Although Americans fought mass murderers in World War Two, by the latter half of the 20th century the country was encountering a new breed of homegrown maniac: the serial killer. The media turned these criminals into instant celebrities. Unlike mass murderers like Pol Pot or Hitler or even the homegrown Timothy McVeigh, serial killers often don’t have a political ideology. Legitimized mass murderers like Pot Pot or Hitler historically lead a country with appointed department heads of torture, displacement, and terror. In this way genocide operates as an ideology. Serial killers, however, are the dilettantes of strategic homicide: they still have to keep their day jobs.
By now, the trope of the alienated white male who turns his basement into a boutique of butchery is as familiar as the fangs of a vampire or the claws of a werewolf. Serial killers, with their supposedly complex psychology and elaborate rituals, are the modern monster, made all the more thrilling for their documented existence.

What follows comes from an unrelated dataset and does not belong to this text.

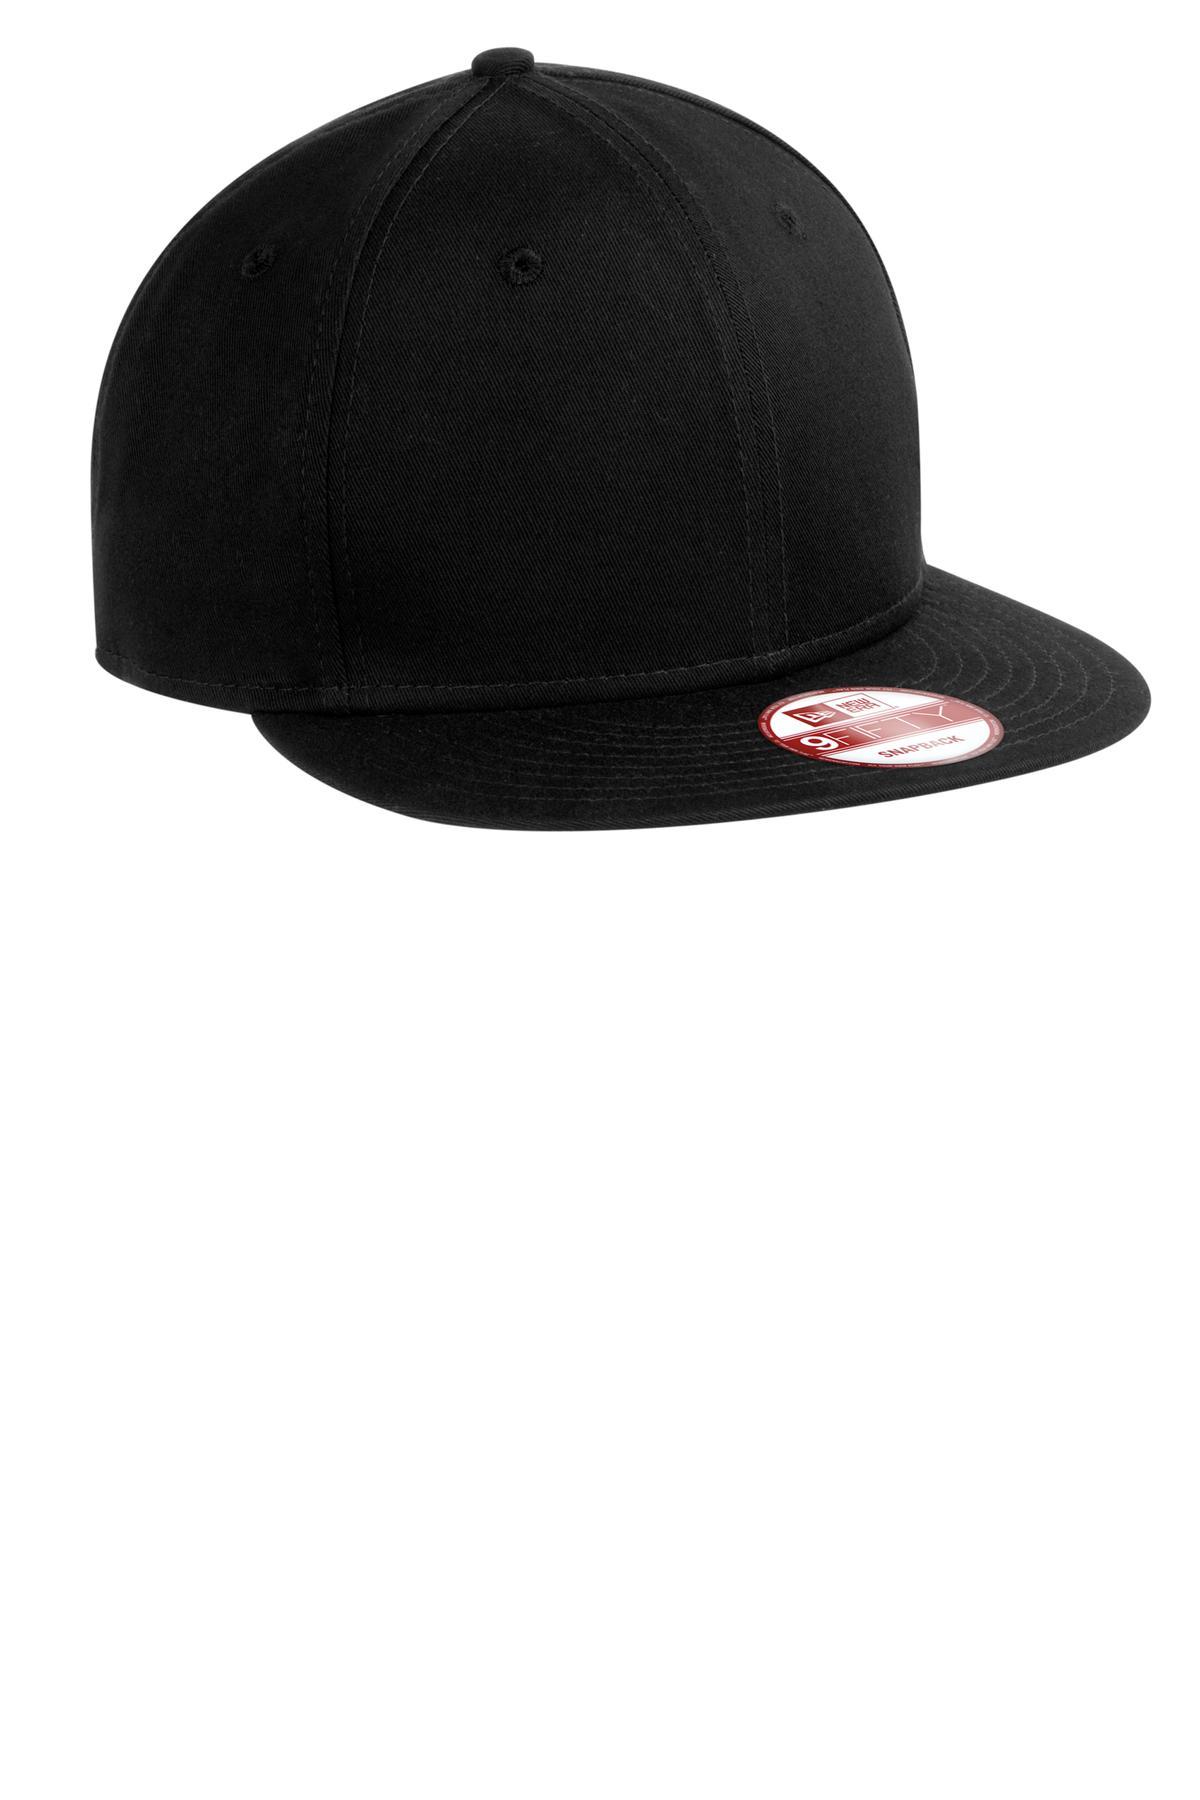 quality design 77423 ce9ce New Era ® – Flat Bill Snapback Cap. NE400

One of the first serial killers to seize media attention was Jack the Ripper, whose grotesque murder of five prostitutes in a squalid district of 1888 London became news because of the apparent anatomical knowledge of the killer. The idea that an educated and therefore probably wealthy person, as opposed to a run-of-the-mill impoverished fiend, could commit such atrocities was captivating because it upended the social order. The ruling class, it seemed, wasn’t entirely hunky dory.
Cinematic adaptations of the Ripper story exist as early as 1927, with Alfred Hitchcock’s The Lodger: A Story of the London Fog, and have continued throughout the decades, including 1988’s centennial anniversary of the murders via Jack’s Back, a B-movie notable chiefly for featuring a smoldering James Spader as a disaffected shoe store manager turned inadvertent detective. But these portrayals, although they did try to solve the case, were more focused on the atmosphere of terror unleashed by the murders and less on the psychology of the killer, as Jack the Ripper has always been an unfathomable abomination, a void into which society’s fears about the breakdown of civilization can be projected.
It was with 1986’s Manhunter and 1991’s The Silence of the Lambs that understanding the psychology of the man behind the murderer became a staple of pop culture.